澪は愛香の病状を知っていた。彼女が入院したのは、自分の父親の病院ではなく、澪の父親が運営する病院だったのだ。

 庭木の木洩れ日が地面を照らすと、まだらに光を浴びたスズメたちが小さく跳ね回る。

 入院患者の誰かがこっそり朝食の残飯の一部をそこに捨てるのを知って、彼らは毎朝木洩れ日の中に入り込んでくる。
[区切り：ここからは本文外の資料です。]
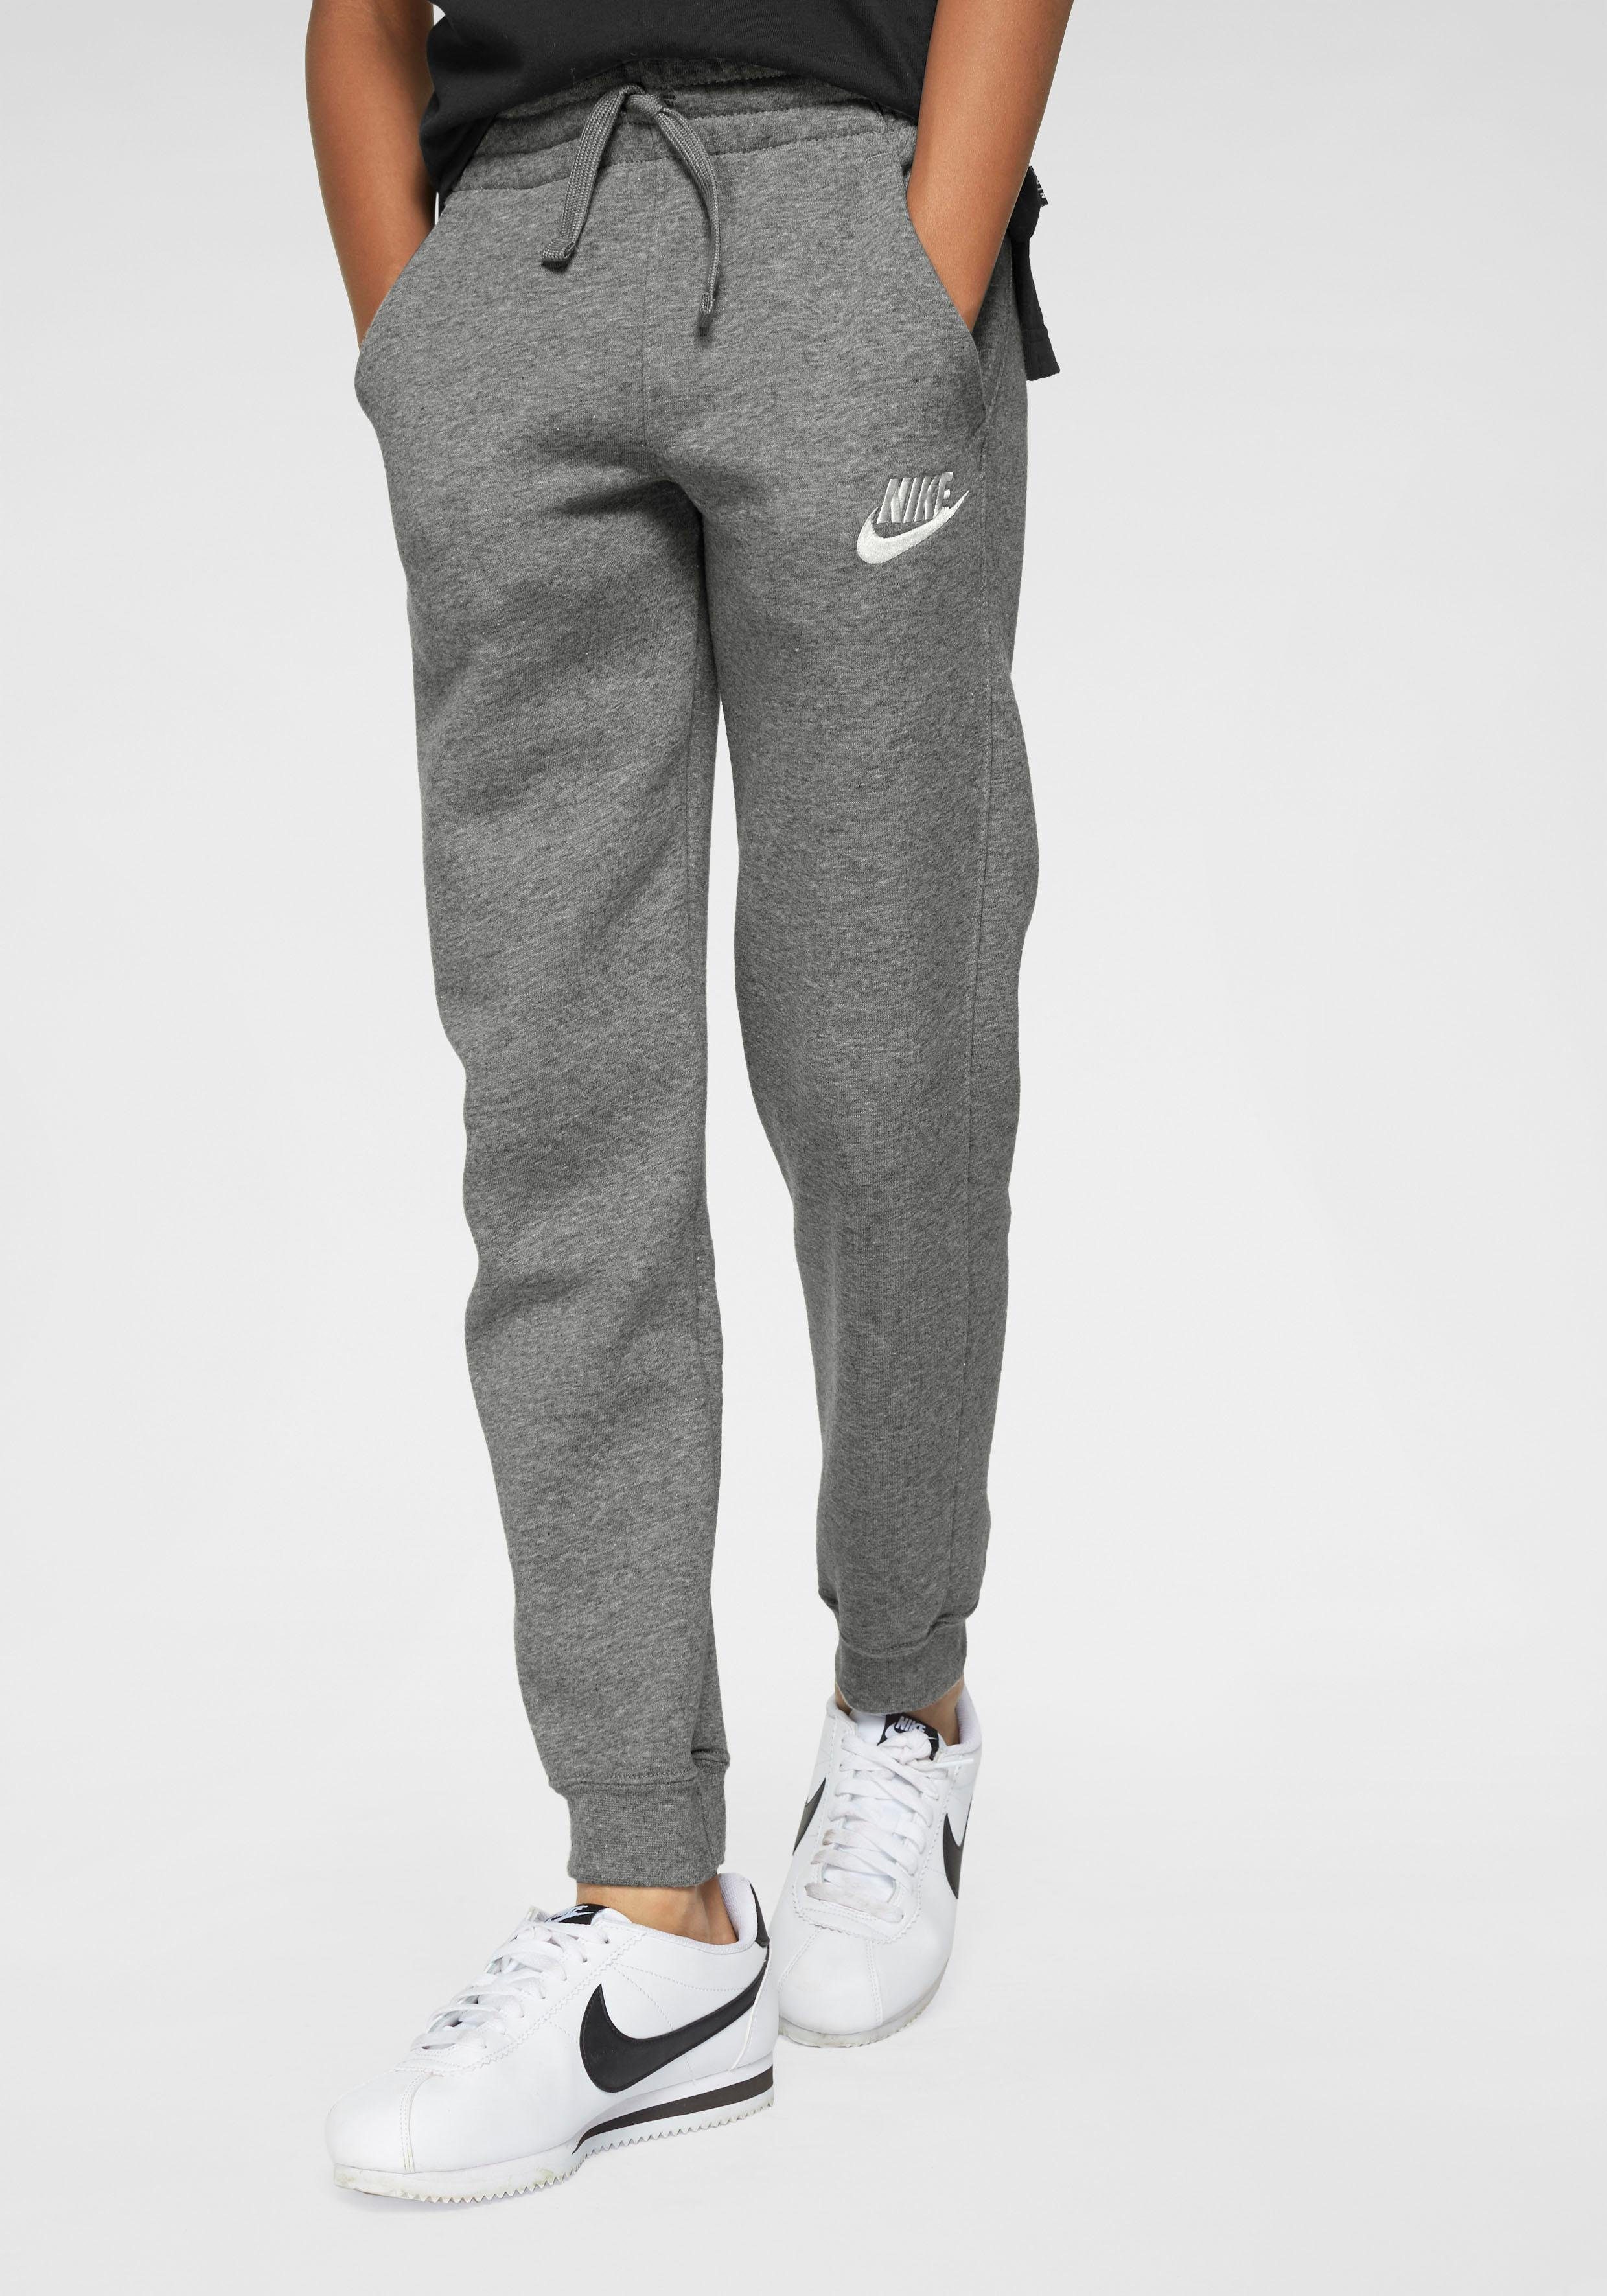 JOGGER Sportswear FLEECE CLUB Jogginghose B grau-meliert PANT NSW Nike

 秋の陽差に白い病棟が聳え、窓には青空が映り込み、白い雲が流れる。

「どうや? 具合」

 術後、両親以外で初めて愛香の病室を訪れたのは、真琴だった。

 もちろん、彼女が何処の病院に入院したか知る者は少ないので、これから先も訪れる姿は限られるだろう。

「うん、少しだるいけど」

 小さく笑う彼女に、真琴は大きな笑顔を返す。

「まあ、当たり前やな。それだけの手術だったんやし」

 愛香の手術は無事終わって、術後の経過も順調だった。

「真琴、学校は?」

「そんなもん、バックレや。何時もの事やん」

 真琴がそう言って笑うと、愛香も小さく笑って

「そうだったね」

 窓から入る午前中の淡い陽差は、揺らめくように愛香の白い頬を照らす。

 真琴はそんな彼女の姿がいかにも弱々しく見えて、胸に何かが込み上げる。

「愛香はあれやな、マスカラなくっても睫毛長いんや。うらやましい。あたしなんか、マスカラ取っただけで『おまえ誰や』言われるで」

 自分で意識して笑う事なんて、彼女の日常にはあまり無い事だった。

「今日は天気よくって外は暖かいから、はよう散歩出れるようになるとええな」

 真琴は喋り続ける。

 愛香はそんな彼女の話を聞きながら、笑顔で相づちをうつ。

 何時も喋ると止まらない真琴の話が、全く苦にならなかった。

 真琴はベッドサイドに置かれた小さな丸椅子に腰を下ろして、小さく息をつくと

「省吾には、会えたん?」

「うん……会えたよ」

「ご、ごめんな。余計な事して。ほんま、あたしらしくない事したわ」

 真琴は苦笑する。

 愛香は小さく首を振ると

「ううん。ありがとう。ショウが来てくれると思わなかったから、嬉しかった」

「そうか……そやったら、あたしもおせっかいの甲斐があったかな」

 そう言って、真琴は首を小さくすくめて笑う。

「でも真琴。よく、省吾の携帯判ったね」

「そんなもん、家にかけて訊いたら判るやん」

「家に電話したの?」

「そや。お母さんとちょっとだけ、仲良うなったわ」

「でも、自宅の番号は?」

 学校の違う真琴が、省吾の自宅番号を知るはずもない。

「そうそう、大変やったで。あの辺の住所は愛香に聞いとったから、電話帳で片っ端から北原って家に電話したわ」

「全部?」

 愛香は思わず目を丸くした。

「でもな、あの辺に北原って家は6軒しかなくて、3軒目にヒットしたで。あたし、くじ運いいからな」

 真琴がそう言ってあっけらかんと笑うので、愛香もつられておかしくなった。

 彼女はそんな愛香を見つめると

「でも、省吾には澪ちゃんって娘がおるんやろ?」

「うん」

 愛香の返事に、真琴は彼女の瞳を見続ける。

 愛香は彼女の視線の意味を感じて、クスクスと吹き出すように笑った。

「してないよ。あたしたち」

「そ、そうなん?」

「あたしは、して欲しかったのかもしれないけどね」

「ち、ちょっとくらいしてやったらいいのにな。あいつも、意外とケチやな」

 真琴らしい言葉だった。

「そんな気軽に言わないでよ」

「そうやけど……」

「充分満足させてはもらったから、いいよ」

 愛香の穏やかな笑顔に真琴は怪訝な笑みを浮かべたが、彼との間に何か吹っ切れる出来事があったのだと確信して、直ぐに安堵の笑みに変わった。

「あいつも、罪なやっちゃな」

 ……罪。罪深いのは誰なのだろうか。

 省吾は彼なりに問題を抱えて、これからも苦悩するだろう。澪は何時まで彼に自分の事を隠し続けるのだろう。そして、省吾が受け止めてくれた気持ちをこれからどうすればいいのだろう。

 愛香は真琴に小さな笑みを返して窓の外に視線を移すと、遠くの空に聳える高層ビル群を見つめた。